Single by East of Eden
- B-side: "Marcus Junior"
- Released: May 1970
- Genre: Folk rock
- Label: Deram
- Songwriter(s): Trad. arr. East of Eden
- Producer(s): David Hitchcock

East of Eden singles chronology
| "Northern Hemisphere" (1969) | "Jig-a-Jig" (1970) | "Ramadhan" (1971) |

= Jig-a-Jig (song) =

"Jig-a-Jig" was a UK Top 10 hit single, released in May 1970 by the progressive rock band, East of Eden. It peaked at No. 7 in the UK Singles Chart in early 1971. It is also the title of a full-length album by the band. The piece is actually a set of three traditional reels, not jigs, namely "The Ashplant Reel", "Drowsy Maggie" and "Jenny's Chicken". The arrangement is based on electric violin with bass guitar and drums providing a rock rhythm backing. Electric guitar is used to underscore some of the high points of the fiddling.

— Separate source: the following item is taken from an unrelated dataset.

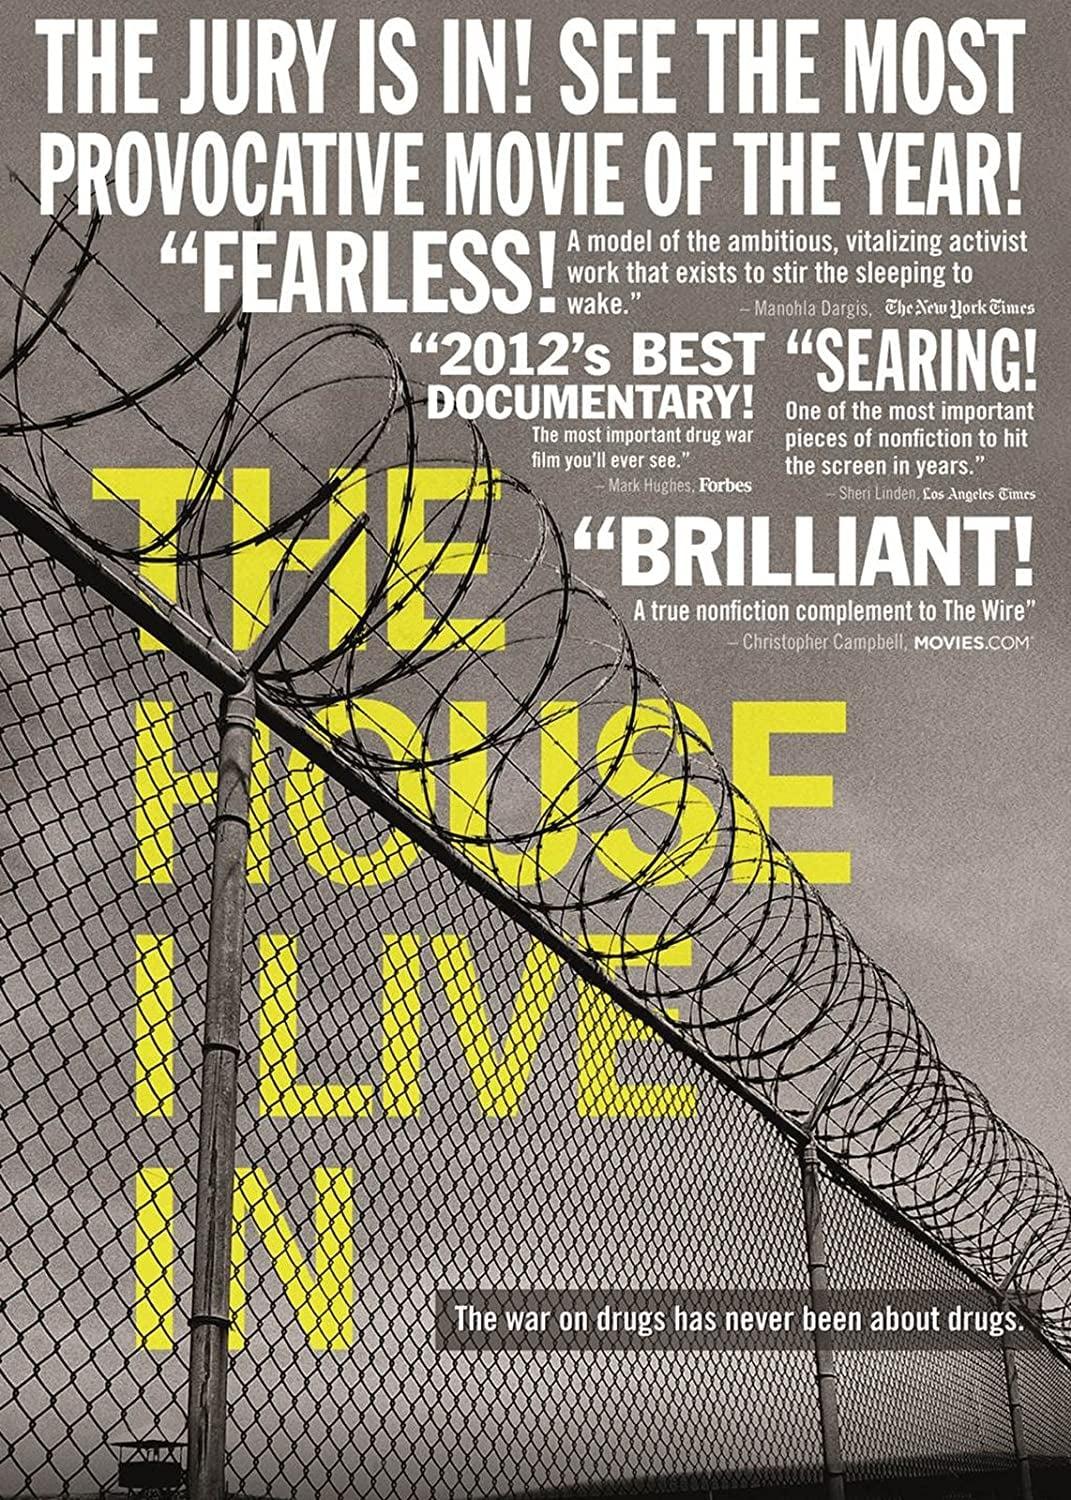 The House I Live In poster
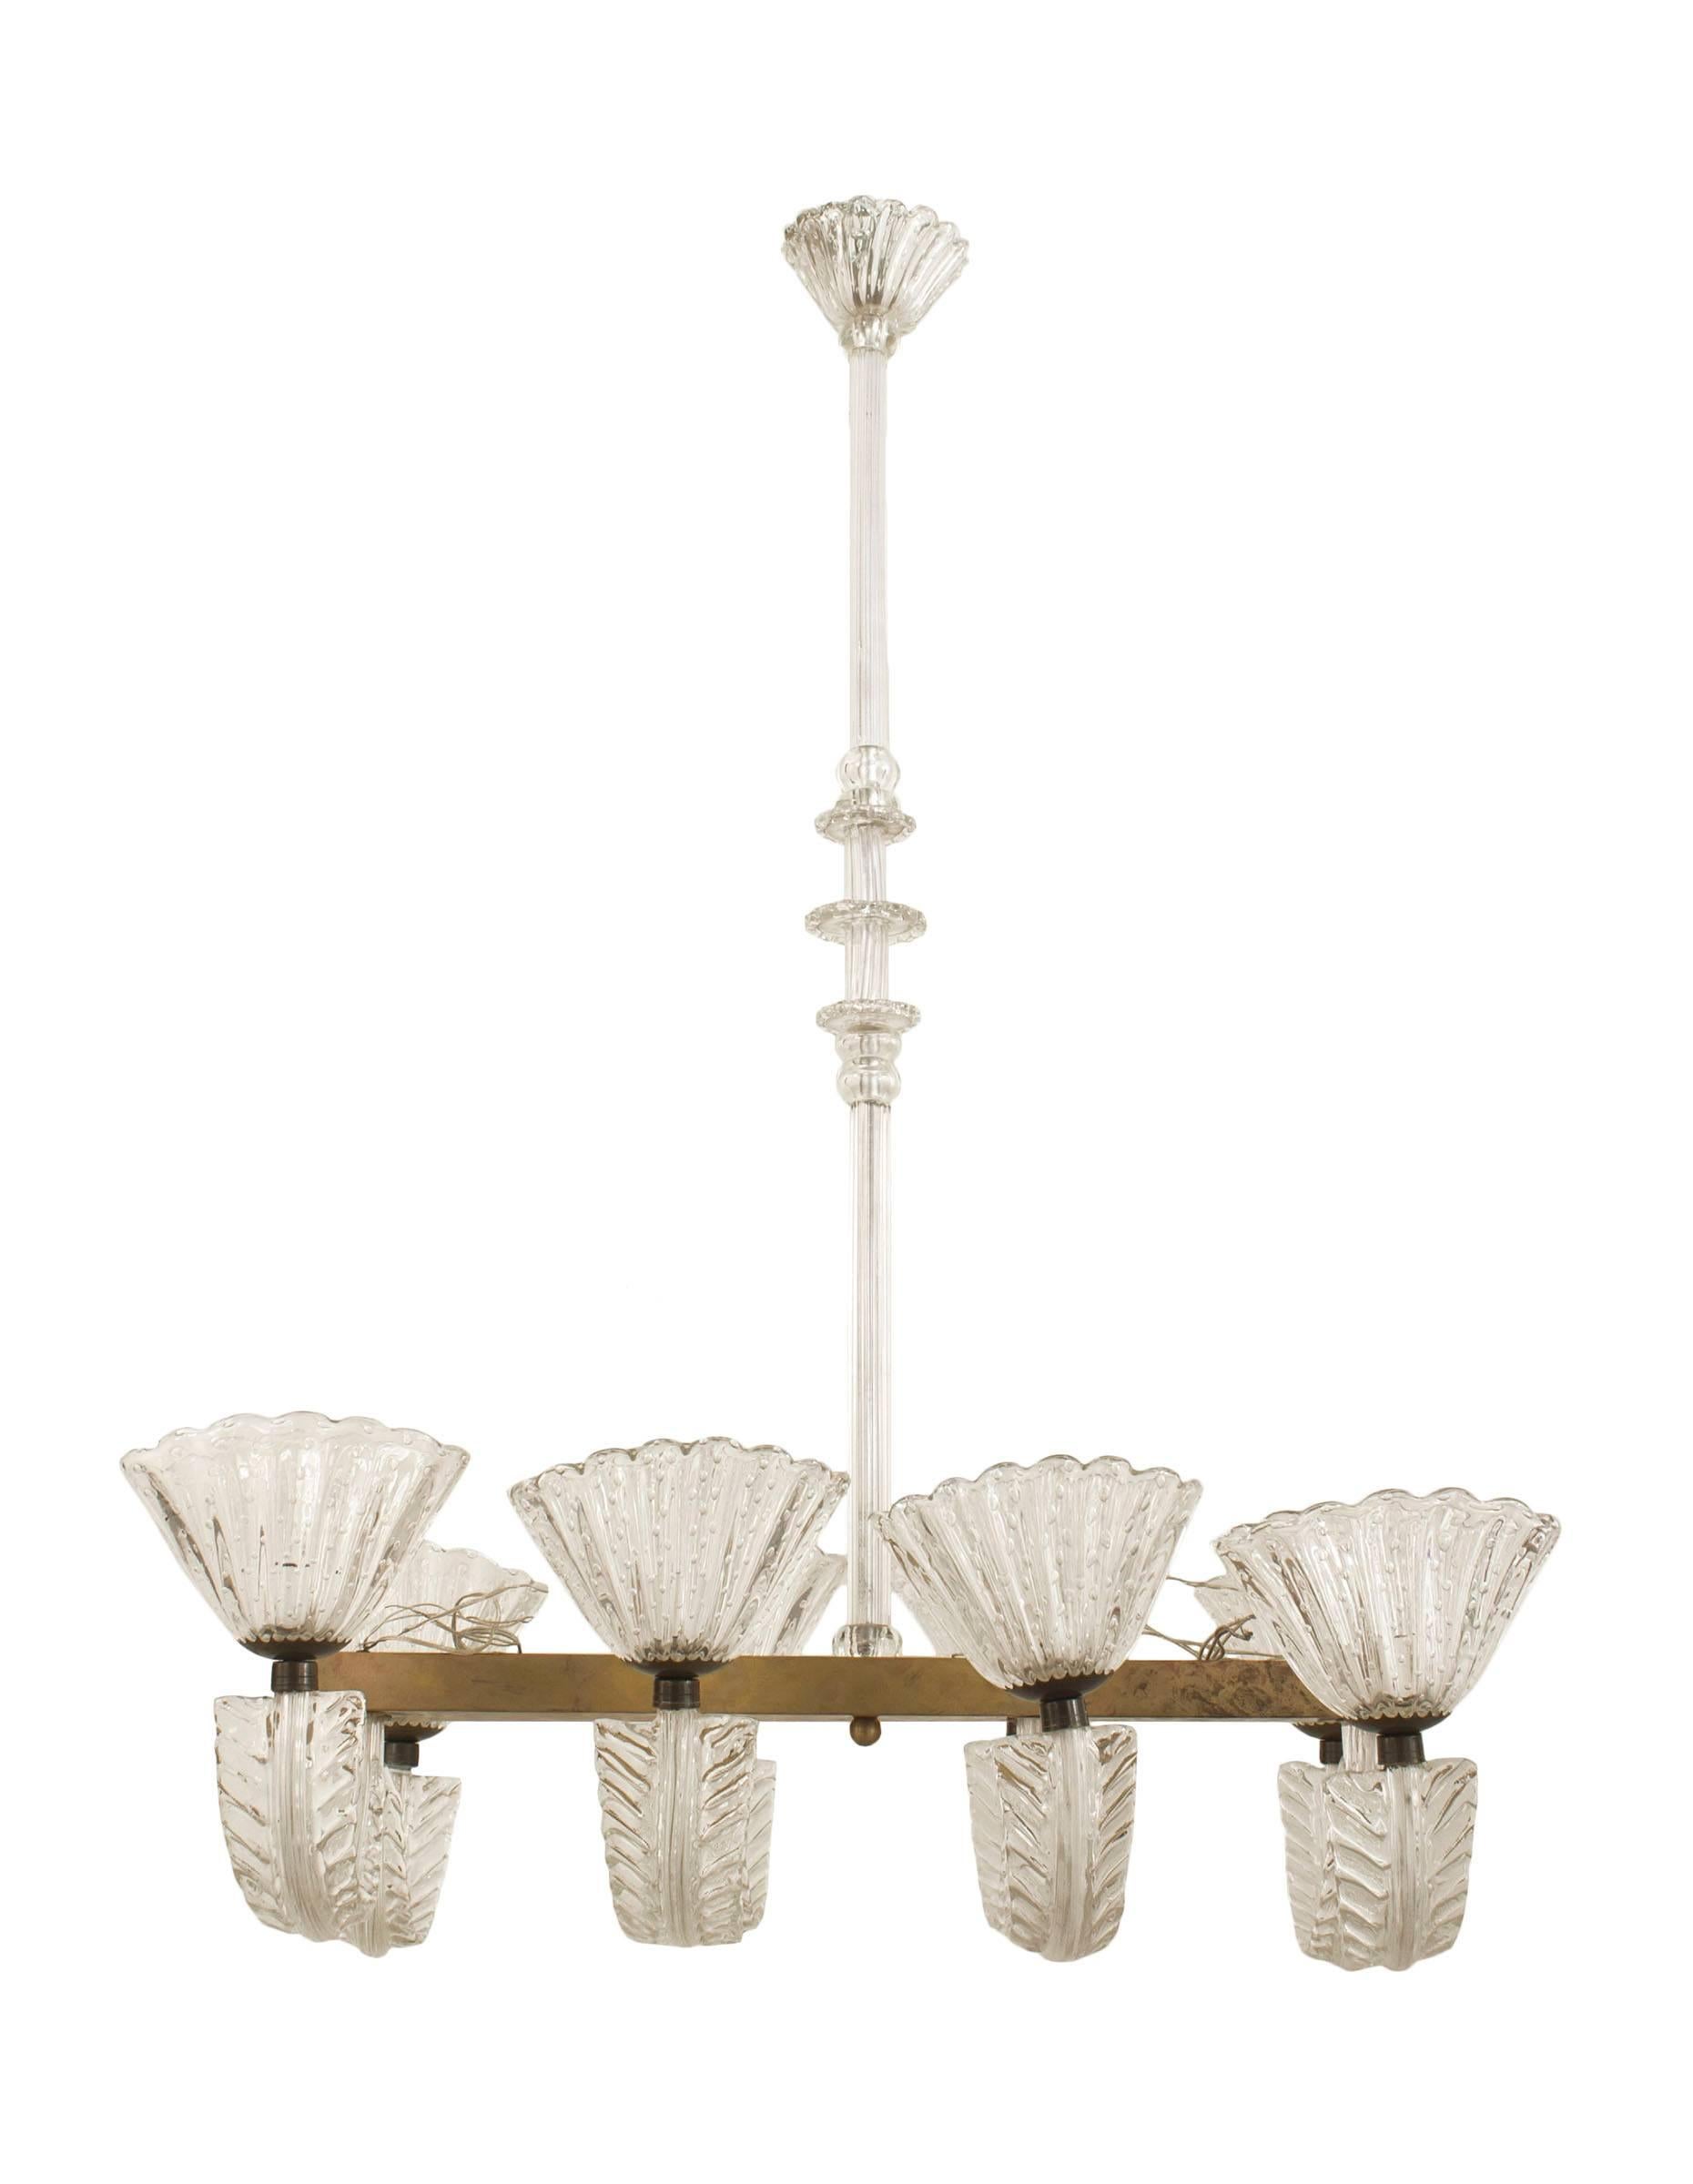 Italian Mid-Century (1940s) chandelier with horizontal metal frame having 4 Pair of feather form clear glass arms supporting large internal bubble design oval shades with a tiered centerpost (BAROVIER ET TOSO)

In 2006, the British folk metal band, Skyclad, released their Jig-a-Jig EP, with the tune and three tracks from the recording sessions of the band's previous album, A Semblance of Normality. While the "Jig-a-Jig" is traditional, the arrangement of Skyclad's version is similar to East of Eden's, so it is sometimes considered as a cover version.